Refinement Strength s	Refined 2D Quality PSNR↑	Reconstruction Model PSNR↑
original (w/o refinement)	17.811	17.851
0.50	17.760	17.764
0.90	18.270	18.021
0.95	19.132	18.093
1.00	18.583	18.053

Key Findings¶

Optimal refinement strength is \(s=0.95\): If too low, it fails to improve quality effectively; if too high (\(s=1.0\), i.e., complete regeneration), it introduces new inconsistencies. This suggests that moderate noise addition and denoising provide the best trade-off between precision and consistency.
Core value of multi-view refinement: The reconstruction model trained on the original multi-view dataset achieves a PSNR of 17.851, which improves to 18.093 when trained on the refined data, demonstrating that the pseudo-ground-truth data is of higher quality than the raw generated outputs.
Input view optimization yields remarkable gains: LPIPS is reduced from 0.108 to 0.002, though this is a post-processing step and does not affect the primary results.
Compatibility across 3D representations: Although this training utilizes 3DGS, it also outperforms mesh-based methods on geometric quality metrics (CD and F-Score).

Highlights & Insights¶

The design philosophy of "ensuring consistency via reconstruction and improving precision via generation" is highly practical. Instead of pursuing perfect multi-view generation directly, it leverages the complementary advantages of two distinct model categories. This perspective is highly transferable to other scenarios involving complementary imperfect models.
Zero dependency on 3D datasets is a key highlight. The training data is entirely sourced from the text → image → multi-view → refinement pipeline, which can theoretically scale infinitely to any domain. This offers a new paradigm for addressing the 3D data scarcity bottleneck.
The LoRA fine-tuning strategy is exceptionally cost-effective (8 A100 GPUs × 1 day) while significantly boosting the base model's performance. The decision to only fine-tune the cross-view self-attention components is both stable and efficient.

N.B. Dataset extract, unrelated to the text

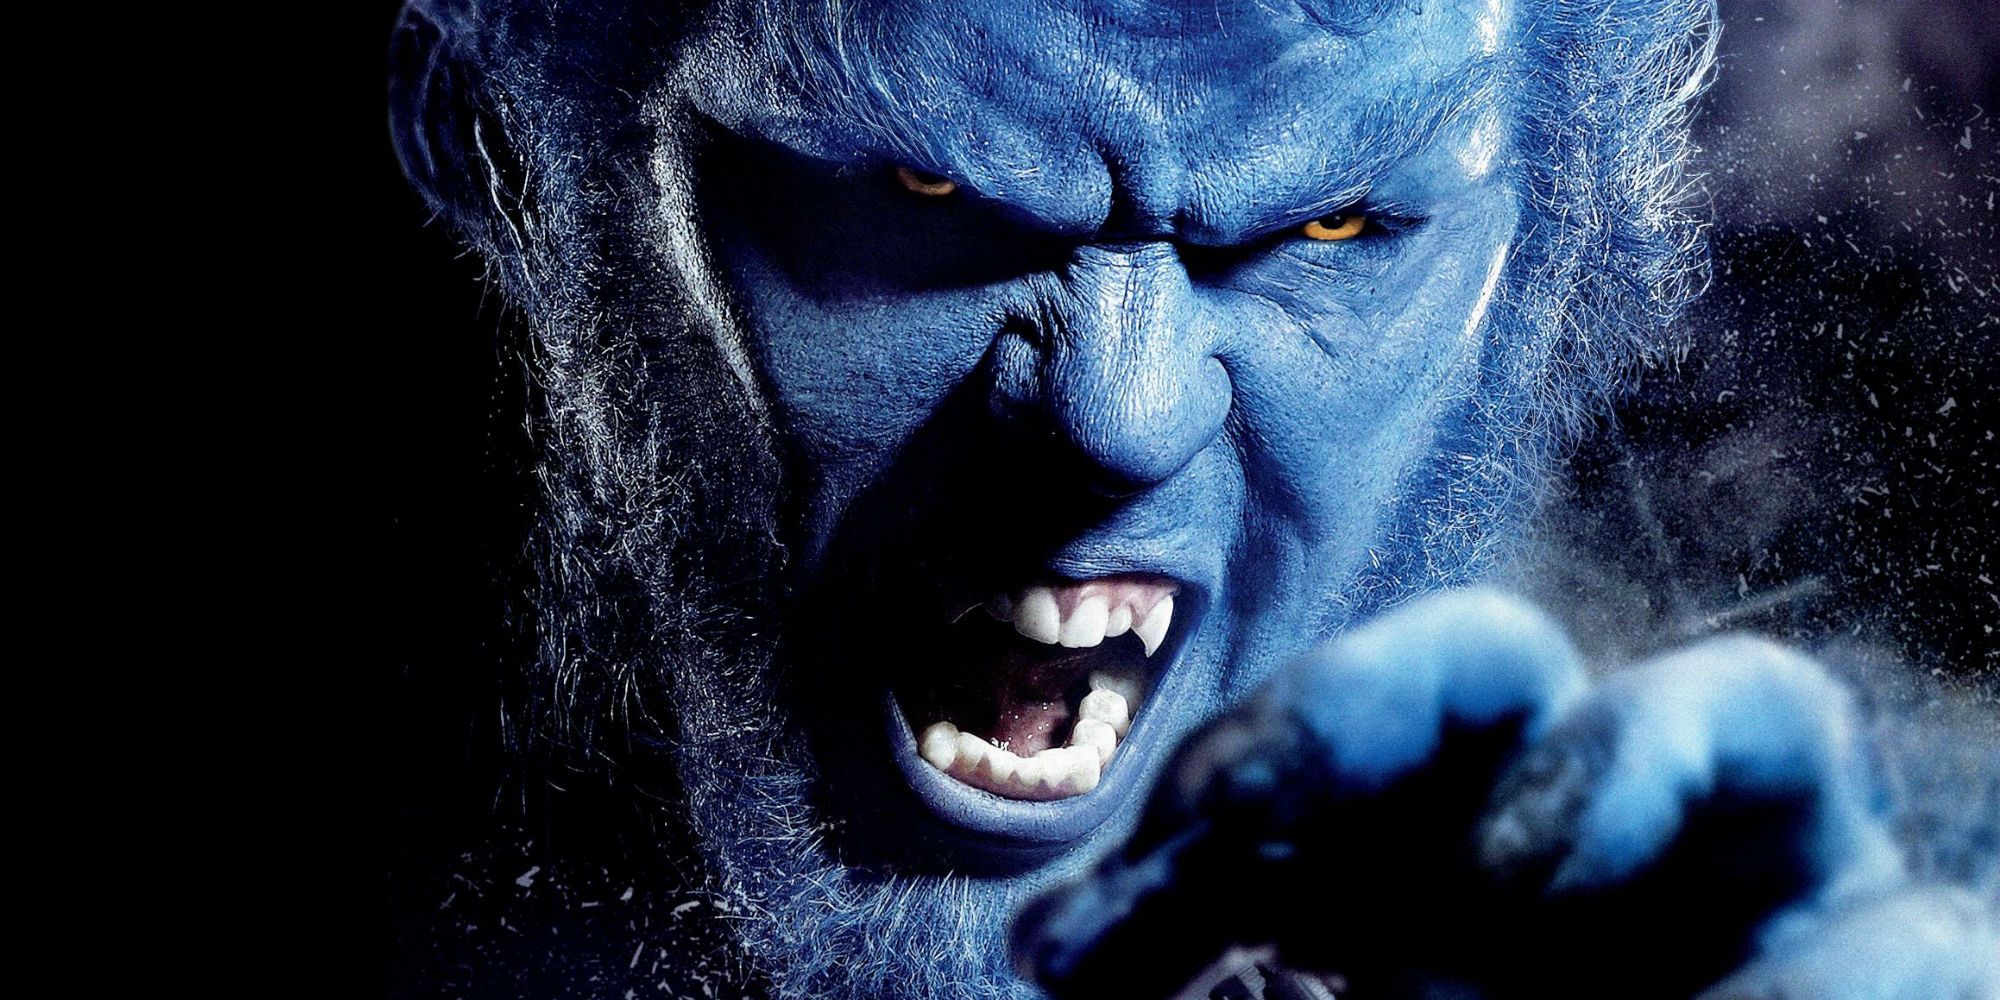 Beast X-Men Nicholas Hoult roaring in promotional image

Limitations & Future Work¶

The pipeline heavily relies on multiple pre-trained models (text-to-image, multi-view diffusion, 3D reconstruction); bottlenecks in any individual model can propagate to the final output.
The refinement process still depends on the multi-view diffusion model, making it unable to correct systemic biases inherent to the model itself (such as hallucinations regarding specific objects/categories).
Evaluation is limited to the GSO dataset; validation on more complex scenes (e.g., humans, indoor environments) is currently lacking.
Input view optimization is executed on a single view only; multi-view inputs have not yet been addressed.

vs LGM: LGM serves as the base model for MVBoost. By fine-tuning LGM with refined data, MVBoost improves its PSNR from 17.148 to 18.561 and reduces CD from 0.170 to 0.101.
vs VFusion3D: VFusion3D also generates multi-view data using video diffusion models but lacks explicit consistency constraints. MVBoost ensures consistency through its "reconstruction before refinement" workflow.
vs SDS Methods (DreamFusion): SDS-based methods require hour-long optimizations and suffer from the Janus problem, whereas MVBoost is a feed-forward method that features rapid inference without the Janus issue.

Rating¶

Novelty: ⭐⭐⭐⭐ The idea of "reconstruction + refinement" to generate pseudo-ground-truths is novel, although individual components already exist.
Experimental Thoroughness: ⭐⭐⭐ Evaluation is conducted only on GSO, meaning scene diversity is limited.
Writing Quality: ⭐⭐⭐⭐ Clarify of methodology explanation is good, and the framework diagrams are intuitive.
Value: ⭐⭐⭐⭐ Provides a training paradigm independent of 3D datasets with extremely low training costs.